Re: Using ReadList to read a string
- To: mathgroup at smc.vnet.net
- Subject: [mg83818] Re: [mg83781] Using ReadList to read a string
- From: "Thomas Dowling" <thomasgdowling at gmail.com>
- Date: Sat, 1 Dec 2007 05:46:35 -0500 (EST)

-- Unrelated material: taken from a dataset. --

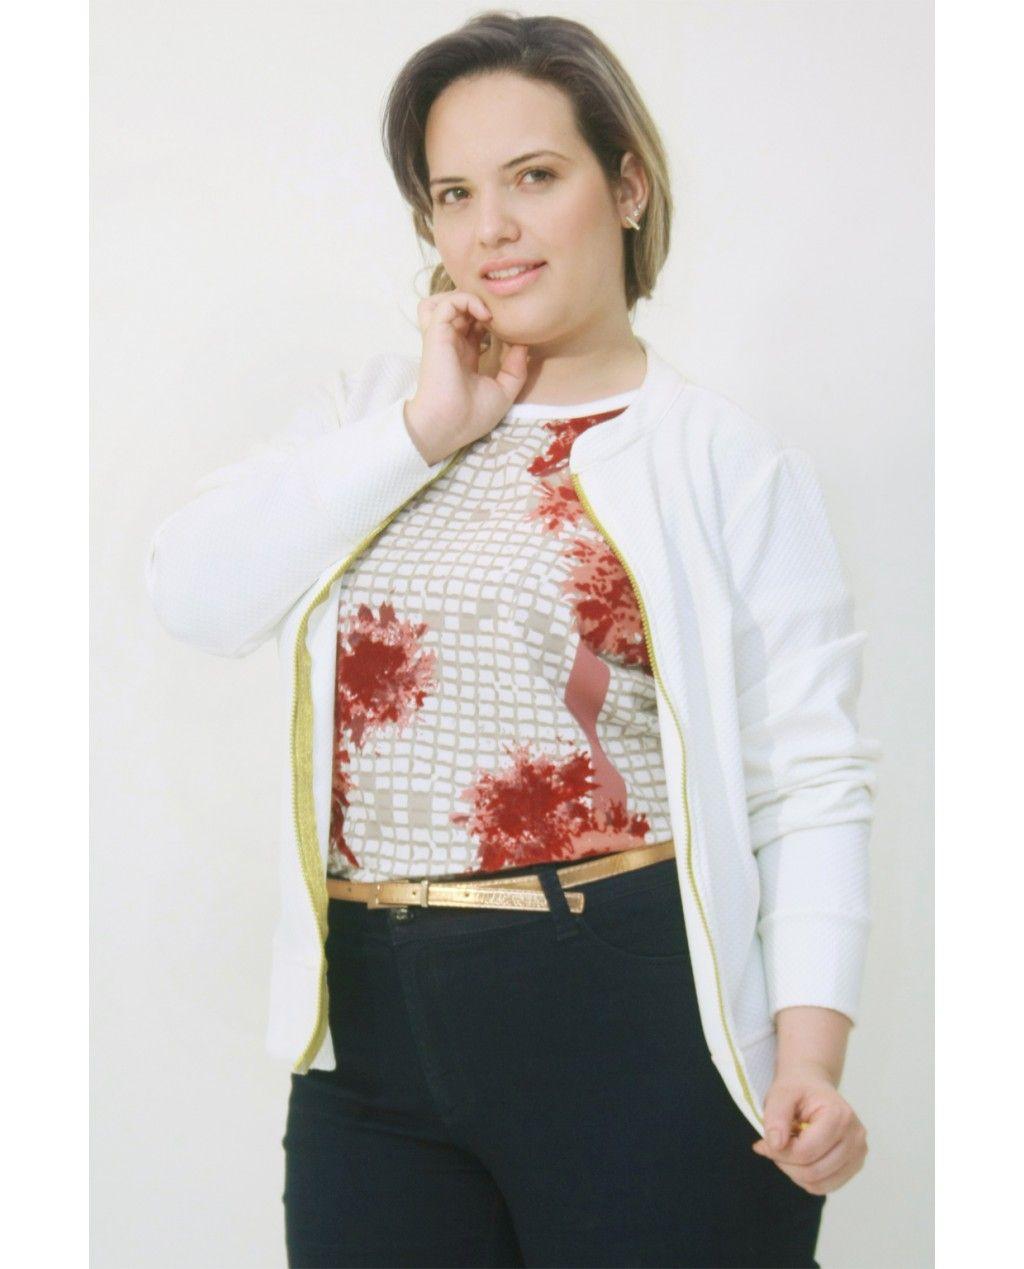 9a5a5c47c  Casaco  Piquet Off White Casaco em malha piquet com mangas comprida com  punho e  zipper na frente. Composição Têxtil 100%  Poliester

- References: <200711301023.FAA06237@smc.vnet.net>
Hello,
I need to update my previous post.
1. It is, in fact, quite easy to import a comma-delimited file in the form
{Number, Number}. The following
command, for example, solves the problem outlined in the previous post (how
to input a file containing
{x, time} data where the data are comma-delimited):
Partition[ReadList["/datacom.txt", Number, RecordSeparators -> {","}],
2]
and gives the following output
{{1.24, 0.00161925}, {1.25, 0.00162431}, {1.26, 0.00161994}, {1.27,
0.00161719}, {1.28, 0.00161219}, {1.29, 0.00160894}, {1.3,
0.00161663}, {1.31, 0.00161956}, {1.32, 0.00162194}, {1.33,
0.00161781}, {1.34, 0.001615}, {1.35, 0.00160962}, {1.36,
0.00161806}, {1.37, 0.00162575}, {1.38, 0.00162256}, {1.39,
0.00161581}, {1.4, 0.00161575}, {1.41, 0.00160694}, {1.42,
0.00161869}, {1.43, 0.00161644}, {1.44, 0.00162231}, {1.45,
0.00161681}, {1.46, 0.00161812}, {1.47, 0.00160969}, {1.48,
0.00161875}, {1.49, 0.00162512}, {1.5, 0.00162319}, {1.51,
0.0016135}, {1.52, 0.00161856}, {1.53, 0.00161231}, {1.54,
0.00161887}}
2. The above will not solve Don's problem, but if the hitch is due to
comma-delimited data the
following might work:
list4 = Partition[
ToExpression[
StringReplace[
ReadList["/EWZ2.txt", Record, RecordSeparators -> {","}],
Whitespace -> ""]], 7]
gives the following output:
{{20000714, "iSharesMSCIBrazilIndex", EWZ, 250, 1627, 1637,
1627}, {163720000717, "iSharesMSCIBrazilIndex", EWZ, 100, 1730,
1735, 1730}, {173520000718, "iSharesMSCIBrazilIndex", EWZ, 100,
1730, 1730, 1730}, {173020000719, "iSharesMSCIBrazilIndex", EWZ,
100, 1686, 1686, 1686}, {168620000720, "iSharesMSCIBrazilIndex",
EWZ, 50, 1724, 1724, 1724}}
AND
Map[Head, list4, {2}]
gives the following output :
{{Integer, String, Symbol, Integer, Integer, Integer,
Integer}, {Integer, String, Symbol, Integer, Integer, Integer,
Integer}, {Integer, String, Symbol, Integer, Integer, Integer,
Integer}, {Integer, String, Symbol, Integer, Integer, Integer,
Integer}, {Integer, String, Symbol, Integer, Integer, Integer,
Integer}}
I am assuming that EWZ2.txt is comma-delimited.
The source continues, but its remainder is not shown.